Missouri Didn’t Follow Audit, Eliminated Safeguard For Execution Cash Payments

Following a critical audit of the execution payment process, rather than begin complying with a key anti-fraud rule, the Department of Corrections simply eliminated it.

After a state audit criticized the record-keeping practices of a cash fund for paying Missouri executioners, the Department of Corrections reacted by changing its policies to make them more lax.

The fund has been plagued by consistent documentation problems, from before and after the audit’s release, according to a review of the payments by BuzzFeed News.

As BuzzFeed News reported in January, Missouri has handed out hundreds of thousands of dollars in cash to its executioners. The state uses cash payments to limit the paper trail, in an effort to keep the identities of the executioners hidden.

A 2015 state audit looking at some of the disbursements from the fund over an 11-month period found that the fund was mismanaged, run in violation of Department of Corrections policy.

The Department of Corrections pledged to do better, and just weeks ago its director told a legislative committee that it had fixed the problem.

However, a BuzzFeed News examination of years of payments to executioners found record-keeping and oversight problems were pervasive — and were not fixed in the wake of the audit. The department instead changed its policy, allowing for thousands of dollars in cash to change hands without a witness present — a requirement that had been put in place as a way to avoid fraudulent payments. In addition, the head of the department misled a state lawmaker when he was asked about documentation problems with the fund.

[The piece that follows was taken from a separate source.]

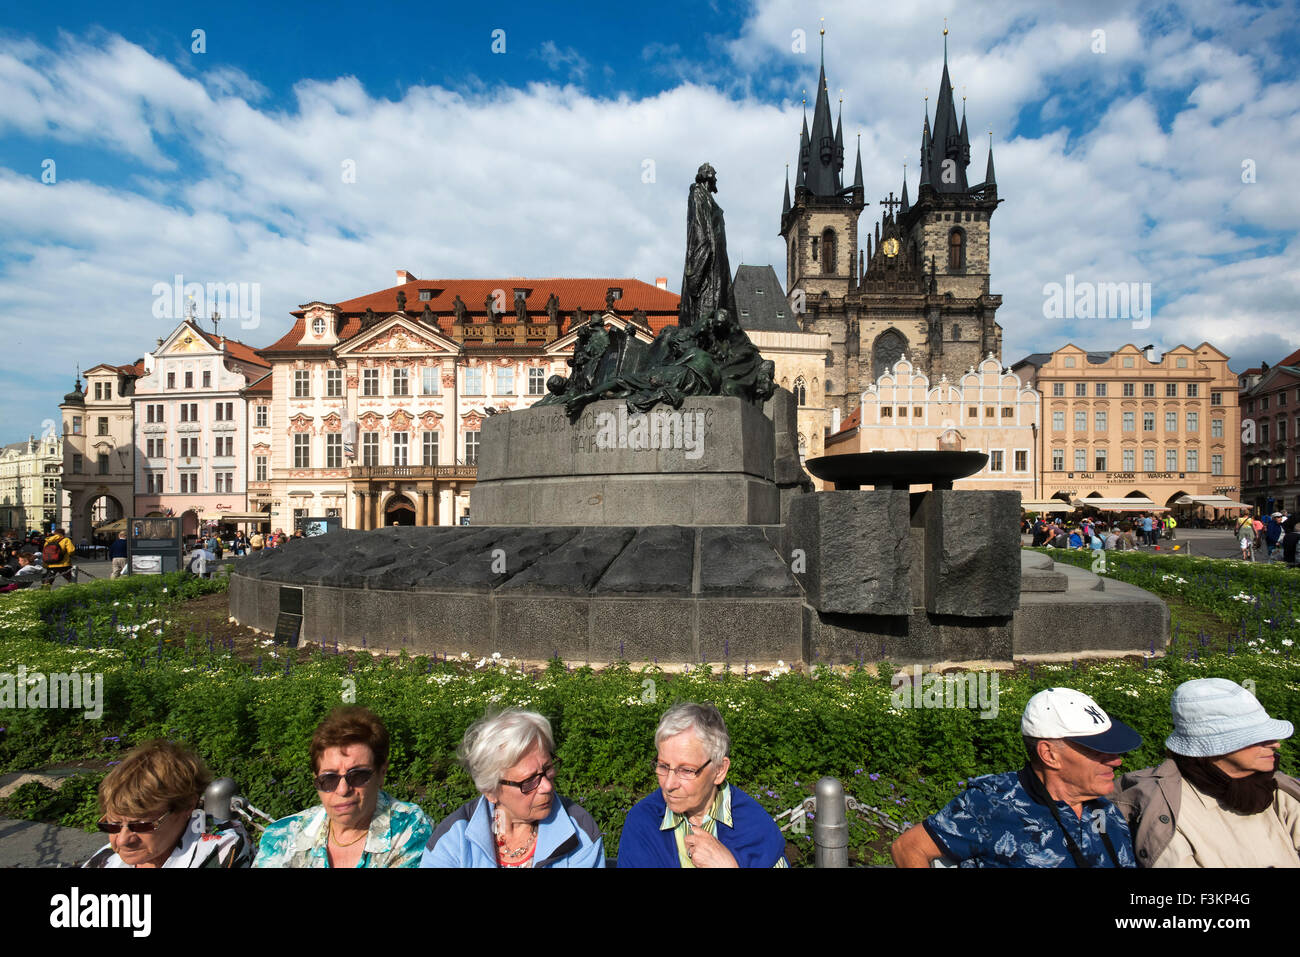 Kinsky Palace, Church of Our Lady before Tyn, Old Town Square, Jan Hus Monument, Staromestske Namesti, Prague, Czech republic Stock Photo

BuzzFeed News reviewed 20 cash payments that occurred after the audit’s release. Of those, only nine receipts followed the audit’s recommendations. The others, payments of $36,115.52 in total, either were blank, had no witness sign off on the payment, or had a witness sign the receipt — but on a different date than the payment occurred.

The findings of the review look more like an attempt to avoid or ignore the problems highlighted by the 2015 audit than an effort to fix the problems.

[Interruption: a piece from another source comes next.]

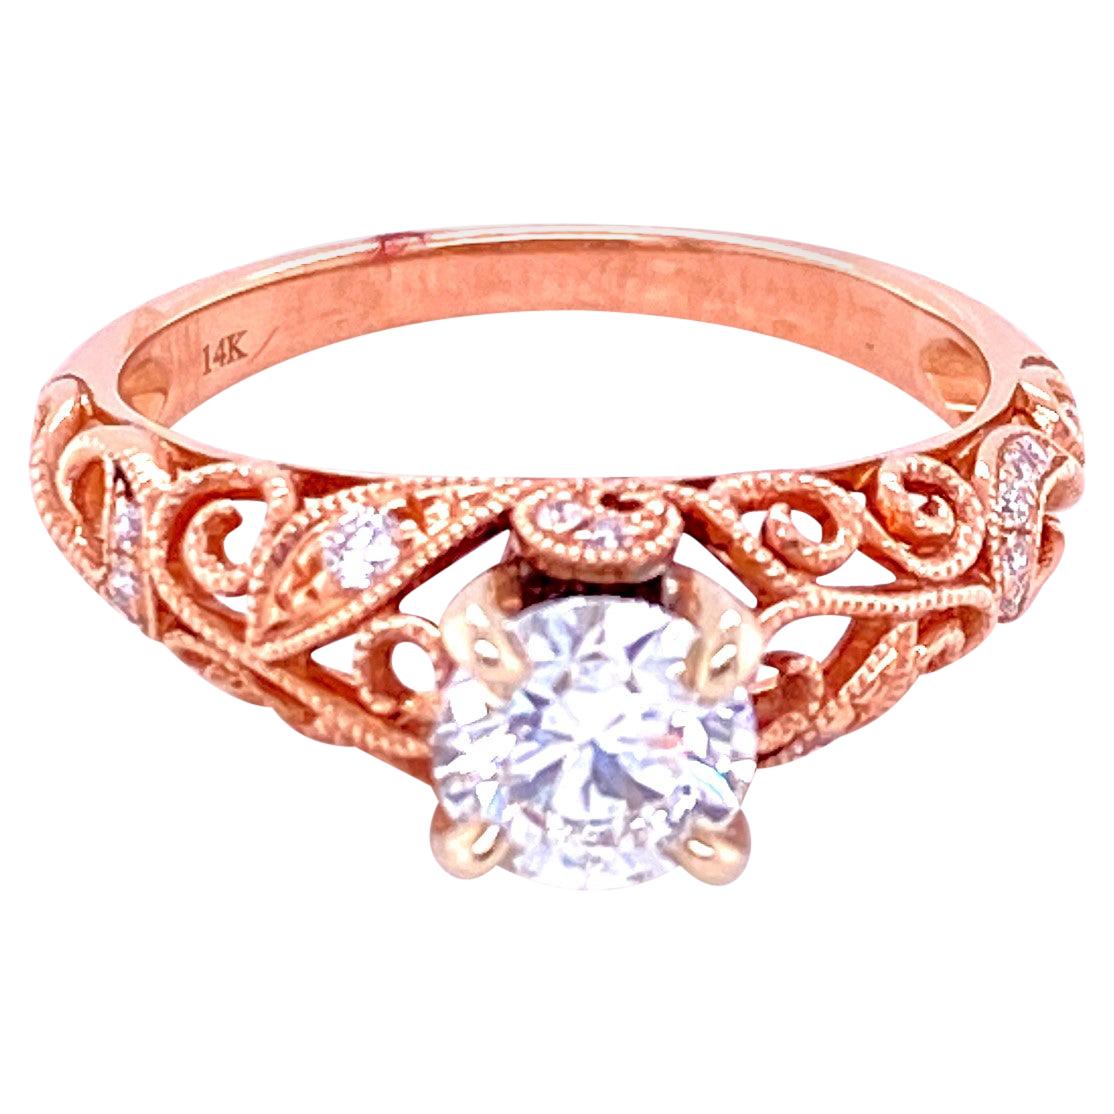 Contemporary Diamond Engagement Ring

The 2015 audit found the department had “not consistently complied with established procedures to ensure payments to execution team members are properly authorized, controlled, and documented.”

“The DOC did not record the amount of the cash payments on receipt forms signed by execution team members and did not always require the exchange of the cash payments to be acknowledged by a witness signature, as required by DOC procedures,” the audit found.

The Missouri Auditor’s Office told the DOC that “to comply with established procedures,” the payments should be “supported by the signature of a witness who verified the delivery of the cash payment.”

However, the department did the exact opposite. Instead, the head of the department, George Lombardi, changed the policy, allowing for cash payments to be handed out to the execution drug supplier without a witness to attest to it.

Since then, a high-ranking corrections official has delivered multiple payments of $7,178.88 to an unknown execution drug supplier without a witness to sign off on the payment. Instead, on a later day, a witness signs off that the department received the drugs.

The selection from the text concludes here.